### INSTRUCTIONS FOR THE TASK:
Start at the line that contains "Homestandby Generator Deal" in the listing below and extract every line through the last, exactly; leave pictures out.

### SOURCE DATA:
Segment Open

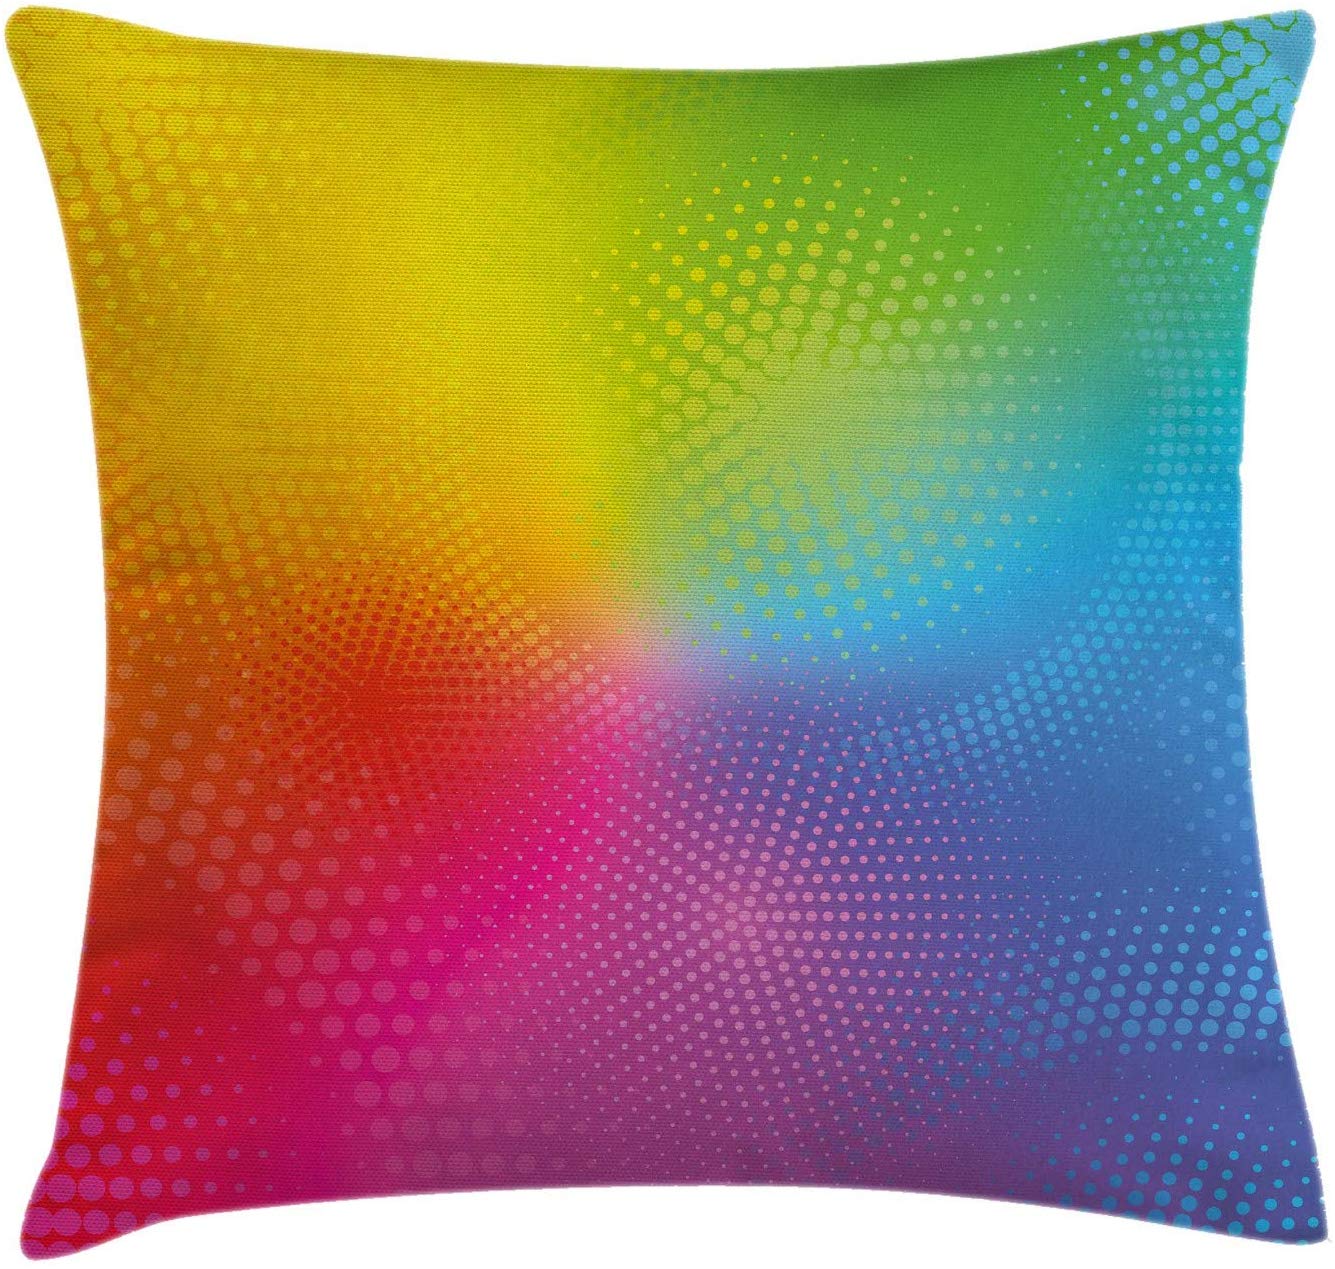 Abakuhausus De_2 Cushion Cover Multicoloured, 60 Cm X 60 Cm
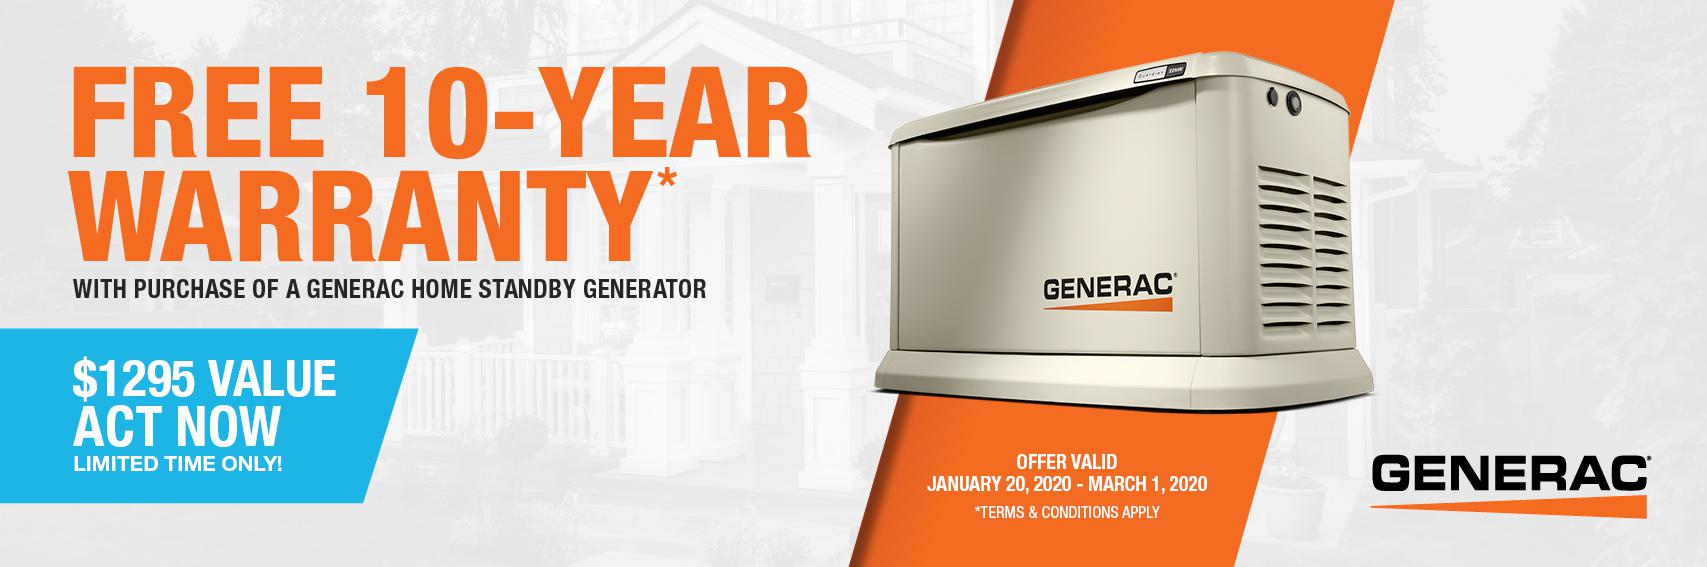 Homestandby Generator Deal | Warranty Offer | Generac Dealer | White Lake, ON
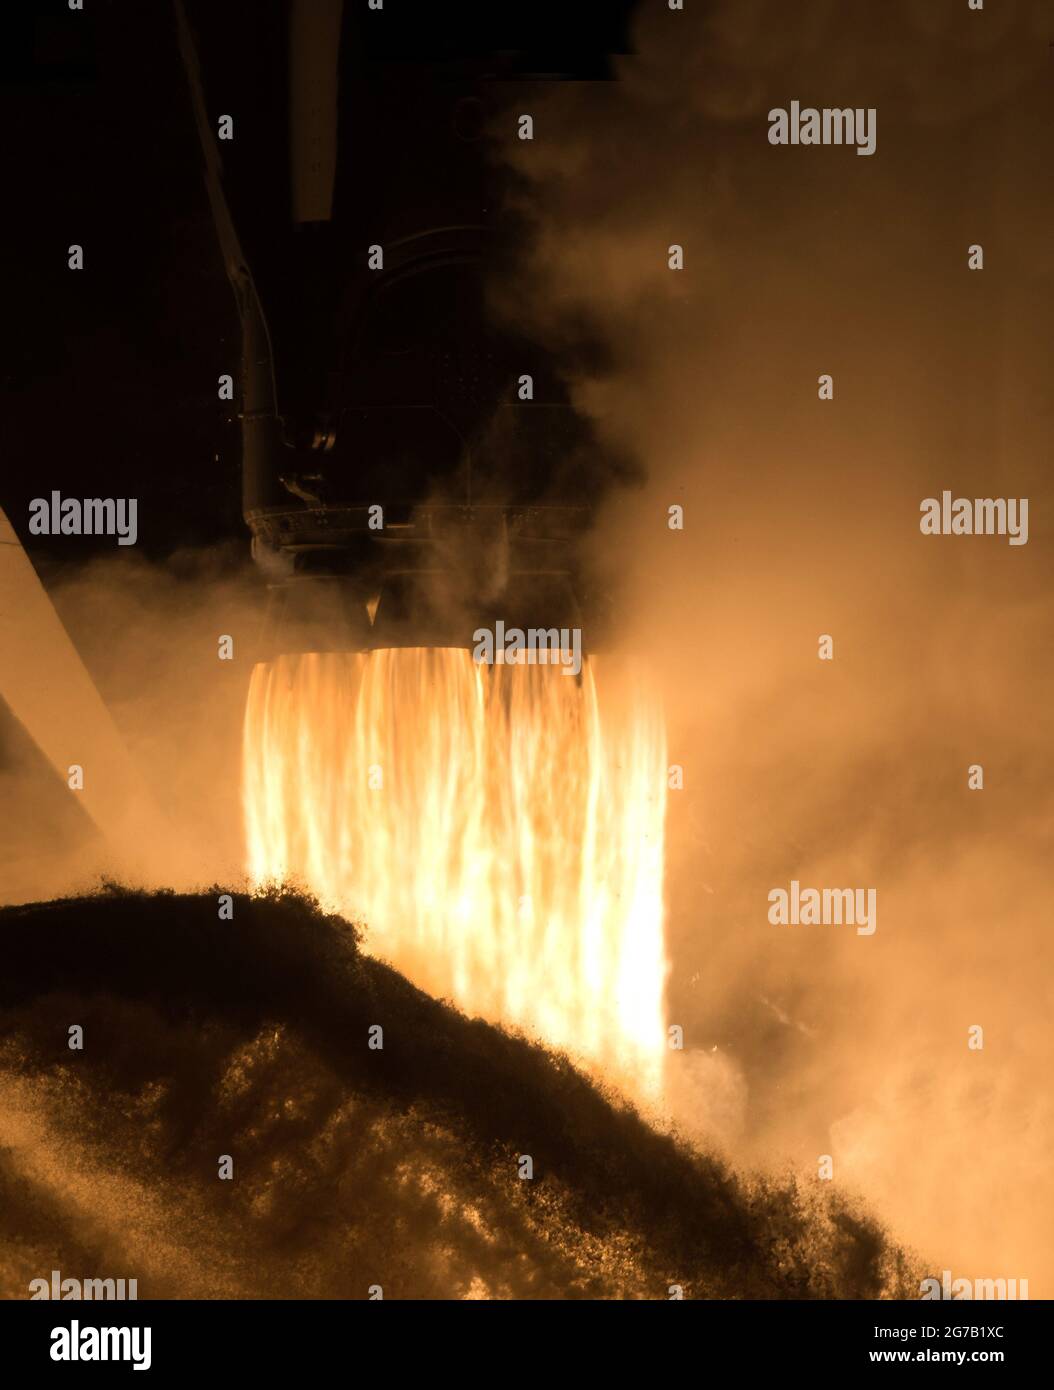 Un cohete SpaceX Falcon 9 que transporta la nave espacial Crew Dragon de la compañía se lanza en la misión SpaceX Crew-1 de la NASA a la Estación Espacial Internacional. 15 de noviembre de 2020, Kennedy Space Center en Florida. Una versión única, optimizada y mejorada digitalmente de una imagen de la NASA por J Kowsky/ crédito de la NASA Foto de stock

Segment Closed

### ANSWER TO THE PROBLEM:
 Homestandby Generator Deal | Warranty Offer | Generac Dealer | White Lake, ON
 Un cohete SpaceX Falcon 9 que transporta la nave espacial Crew Dragon de la compañía se lanza en la misión SpaceX Crew-1 de la NASA a la Estación Espacial Internacional. 15 de noviembre de 2020, Kennedy Space Center en Florida. Una versión única, optimizada y mejorada digitalmente de una imagen de la NASA por J Kowsky/ crédito de la NASA Foto de stock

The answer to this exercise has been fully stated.